As soon as I pressed play, I couldn’t help feeling I had heard it before. And I don’t mean from the radio or even from its samples: it was as if I had already listened to the whole album in a dream. As each song played, this uncanny feeling not only persisted but intensified: this album was realizing sounds that were somehow already in my head.
The same thing happened in 2009 with Ishmael Butler’s more recent project, Shabazz Palaces: the soundscape again seemed telegraphed into my brain. I tried to explain this to him when I saw Shabazz Palaces at a bar in Bellingham in 2010—I wanted also to say that he, Q-Tip, and Chuck D, along with a few family friends, had formed how I saw the world, but I didn’t want to seem like That White Dude, so I simply told him how much his music meant to me. “I appreciate it, man,” he said, smiling coyly. He gently bumped his chest and then shook my hand.
Now it’s 2020. I’m confined in my Paris apartment, listening to the most recent Shabazz Palaces album, The Don of Diamond Dreams. With every new release Shabazz seems to fold together various eras of hip-hop and beyond—Bambaataa futurism, Digable jazz-rap, Soundcloud swagger, South African kwaito. It reaches to harmonize various styles, transnational and transtemporal, while staying grounded in the specific Seattle aesthetic the group has forged over the past decade: the sound of someone singing in their sleep.
Early in the album, Butler says, “Algiers is thick out in Paris.” It’s a line I can’t help but feel. When I leave my apartment in the 5th arrondissement for weekly groceries, I face the Grand Mosque of Paris; before the confinement, one of my favorite parts of the week was watching the crowds gather for Friday prayers, the whole Sunni Muslim world in its diversity congregating on a small corner of the French capital. At around one in the afternoon, the sidewalk of my street would spill over with North Africans, West Africans, Malaysians, Indonesians, Turks, and Arabs in colorful djellabas and kufis, all heading to the mosque to pray.
Inside my apartment, even if the windows were closed, I knew when the service was starting. The faint sound of the unamplified call to prayer echoed off the buildings, and the chanting sounded like a sample buried deep within a Shabazz track.

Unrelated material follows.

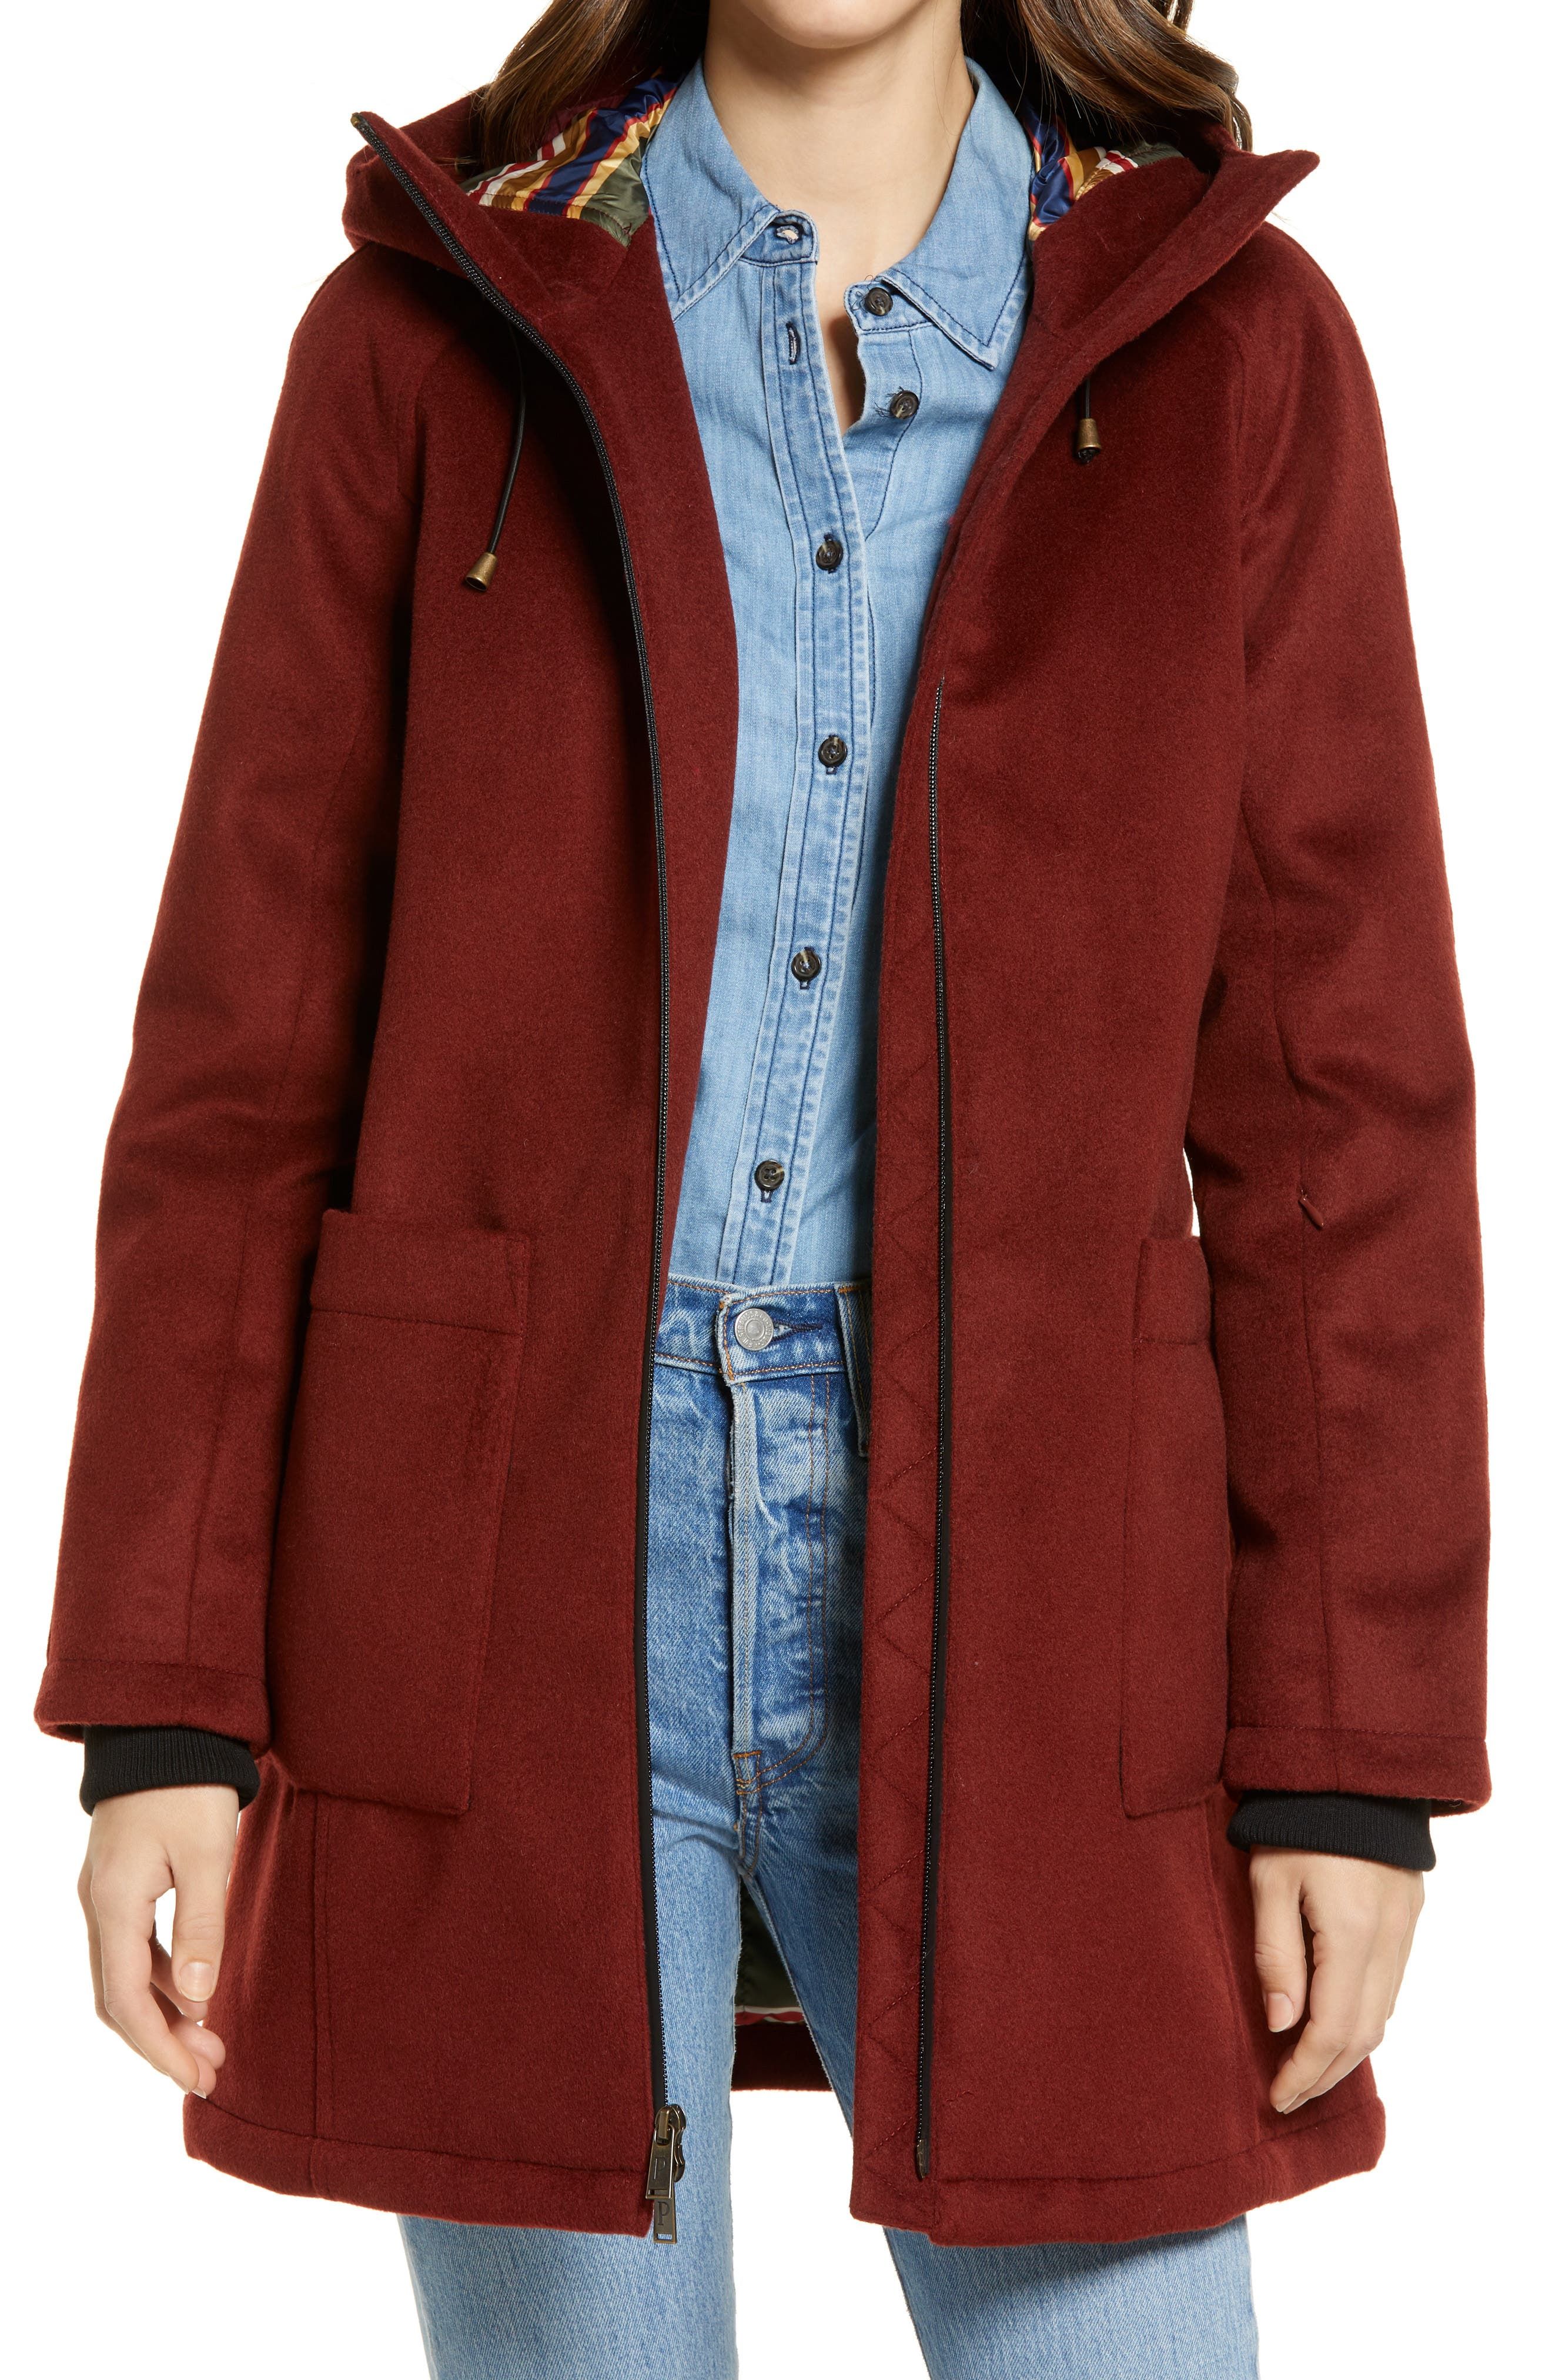 AOGOTO Womens Casual Fashion Winter Warm Hooded Coat Long Cotton Padded Jackets Pocket Coats

Like something I’ve heard before. It all seems unimaginably far from Kelowna, yet incredibly familiar.
“Echo through the time like scripture,” sings Purple Tape Nate on “Fast Learner.” It’s another line that hits me—echo through time. It brings me to places I’ve already been, where I find myself, where I might yet go again.
The days blend. I listen to Butler’s entire discography. Time and space seem all messed up—refuted. I wake up from dreams with these songs in my head. For the foreseeable future, no live shows will happen, and even if they did I doubt I’d have the chance to shake his hand again.